To get an even better understanding and view of these various diagenetic features, geologists use a special microscope, the scanning electron microscope (SEM). The SEM not only produces images at incredibly high magnification (from 15x to 200,000x), but does so showing every detail with extreme clarity in three dimensions. The SEM is commonly used to examine insects, plants, and bacteria, so why not rocks and minerals. Unlike the conventional microscope that uses light waves to observe thin sections, the SEM illuminates the rock samples with electrons in a vacuum chamber. The samples must be able to conduct electricity and are therefore coated with a very thin layer of gold by a machine called a sputter coater. The sample is then placed inside the SEM’s vacuum column and an electron gun emits a beam of high-energy electrons downward through a series of magnetic lenses that focus the electrons to a very fine point. The focussed beam moves back and forth across the sample, releasing electrons from its surface; these electrons are counted by a detector to build the final image (which is black and white).

Another technique used to evaluate reservoir pore systems is pore casting. Pore casting is a special technique where the carbonate matrix of an epoxy-impregnated thin section blank (the rock material left over after the thin section is made) is dissolved by hydrochloric acid. What remains is only the epoxy that filled the entire pore system of the sample (pores and pore throats), creating a kind of “negative” of the rock in that the open space used to be mineral and the solid material used to be pores. The pore cast is then coated with gold, and studied and photographed with the SEM (the same method as if it were the actual rock)

All Cherokee samples exhibit microporosity whereas others exhibit additional pore types such as moldic and vuggy porosity. Microporosity is also well displayed by the pore casts which show the pores are well connected, thus allowing oil to flow to a well. Other SEM images show how some of the large pores or vugs have been essentially filled with the mineral anhydrite while others remain open and thus capable of storing oil. Occassionally, different minerals, such as calcite and clay (smectite), fill pore spaces. Large blobs observed on some of the SEM images (see cover inset photo) represent bitumen, the solid hydrocarbon that can clog the interconnections between pores and reduce the ability of oil to flow through the rock.

Got Oil! – Drill Horizontally

Microporosity represents an important site for untapped hydrocarbons and possible targets for horizontal drilling. Techniques developed in the late 1980s and early 1990s allow wells to be deviated from vertical to horizontal with the drilling direction and depth carefully controlled. More reservoir rock is encountered in horizontal wells, reducing drilling costs and risk while increasing production and reserves. Through proper geological evaluation of reservoirs, oil production may be increased 20 to 50 percent as a result of drilling low-cost single or multilateral horizontal legs from existing vertical-development wells.
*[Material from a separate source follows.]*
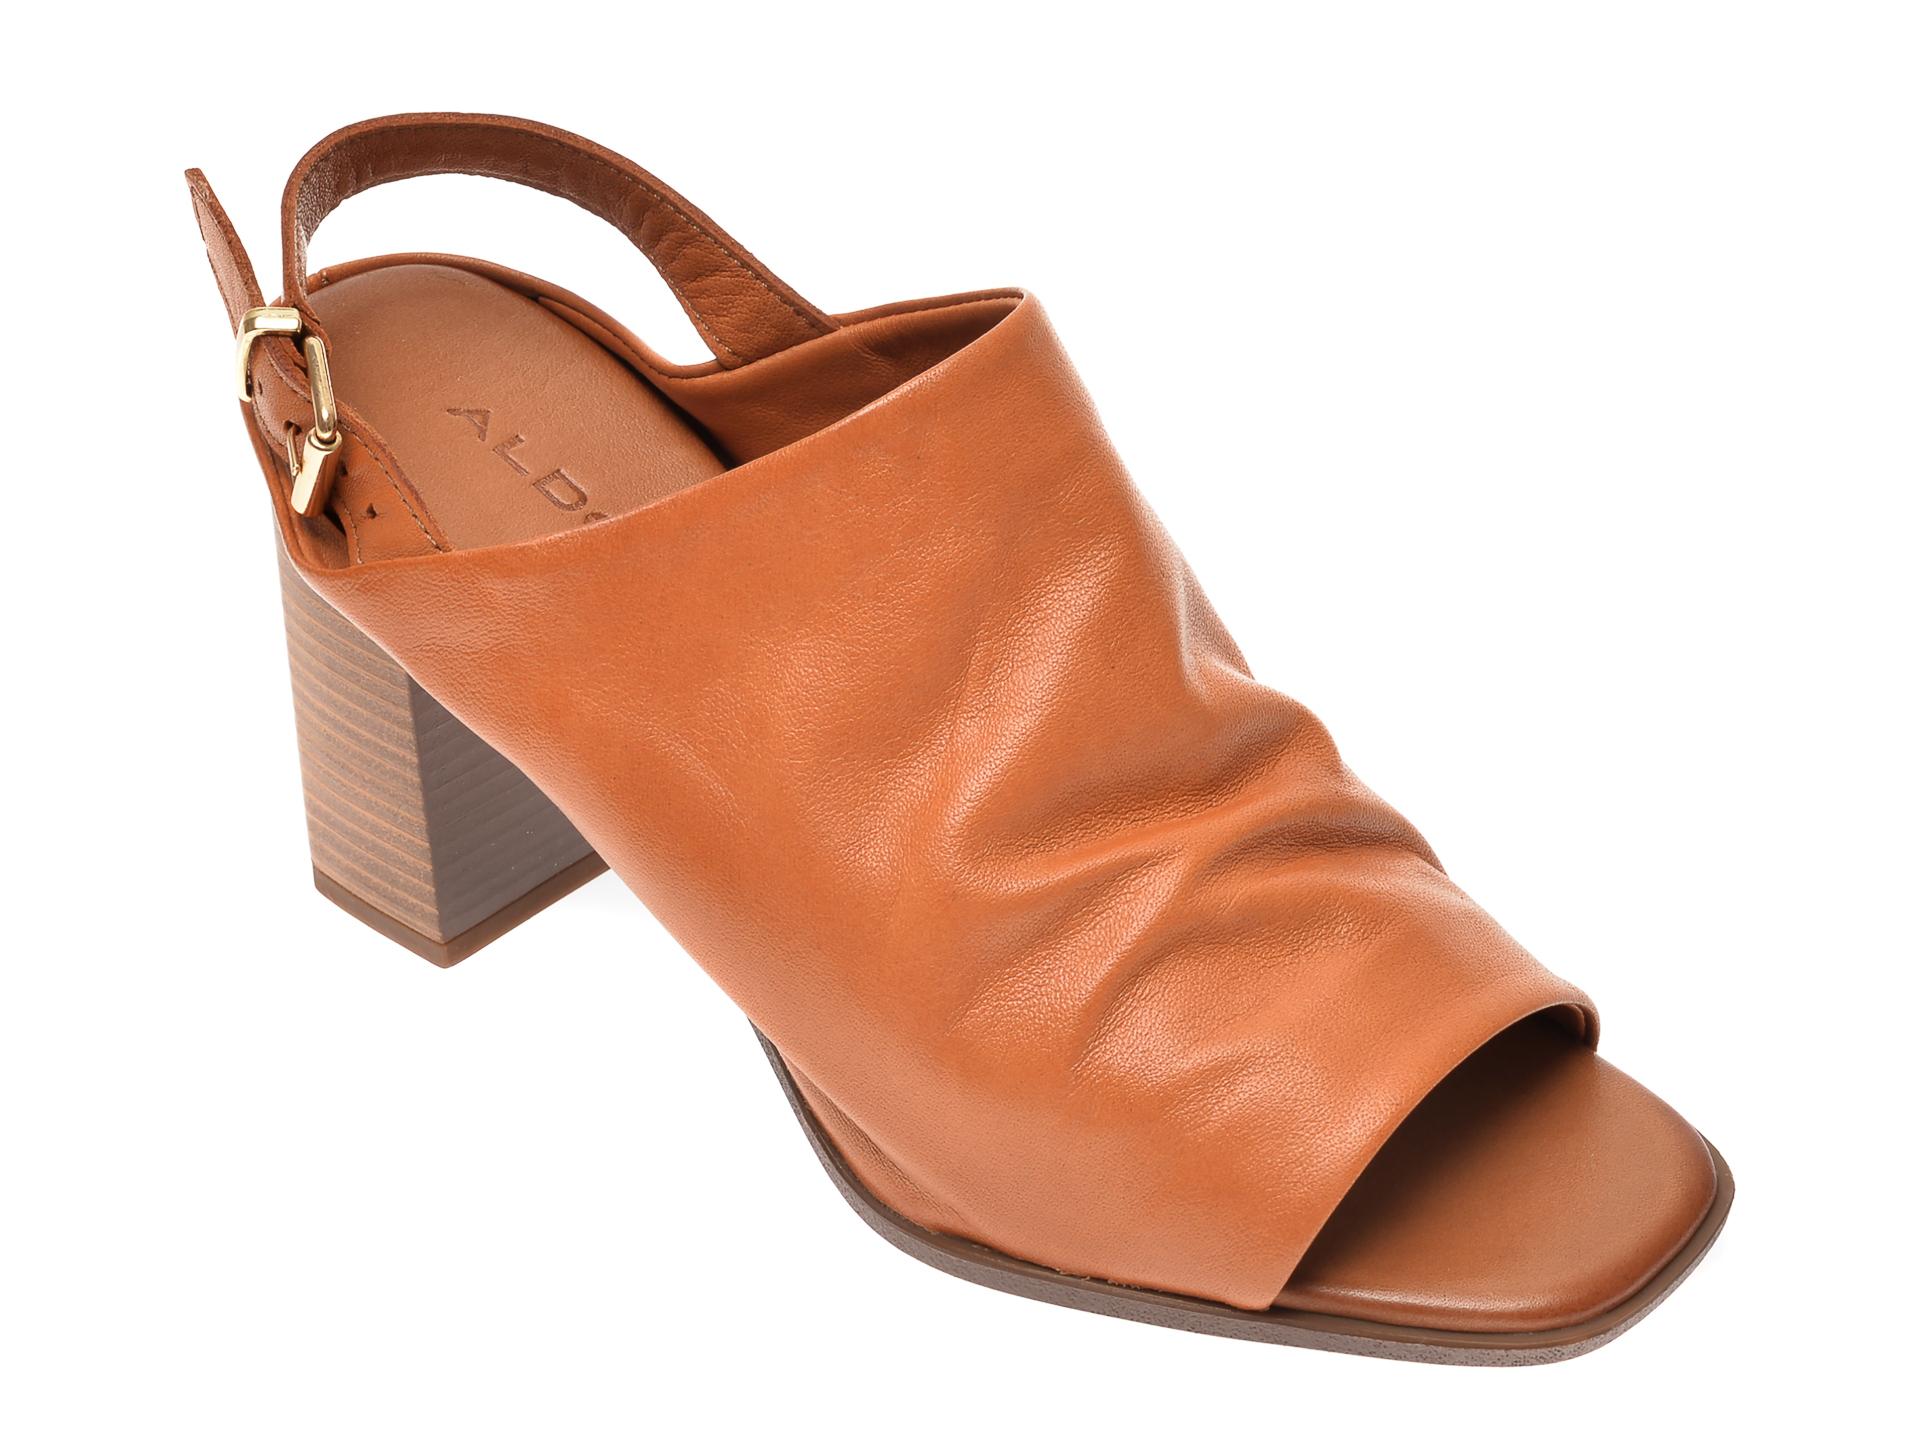 Sandale ALDO maro, Casameada220, din piele naturala imagine otter.ro 2021

In addition, horizontal drilling from existing wells minimizes surface disturbances and costs for field development, particularly in the environmentally sensitive areas of southeastern Utah and southwestern Colorado.

An extensive and successful horizontal drilling program has been conducted in the giant Greater Aneth field. However, to date, only two horizontal wells have been drilled in small Paradox Basin fields. The results from these wells were disappointing due to poor understanding of the reservoir rocks and diagenetic changes that affect the flow of oil to the well.

The hydrothermally induced microporosity in Cherokee field could be drained with radially stacked, horizontal laterals and splays drilled from an original vertical well. The field already contains four vertical wells from which multiple horizontal laterals could be extended to penetrate undrained oil trapped in microporosity and other potential targets. Depending on the results of the UGS study of the reservoir characteristics, and successful field testing, these techniques can be applied to numerous small fields throughout the Paradox Basin.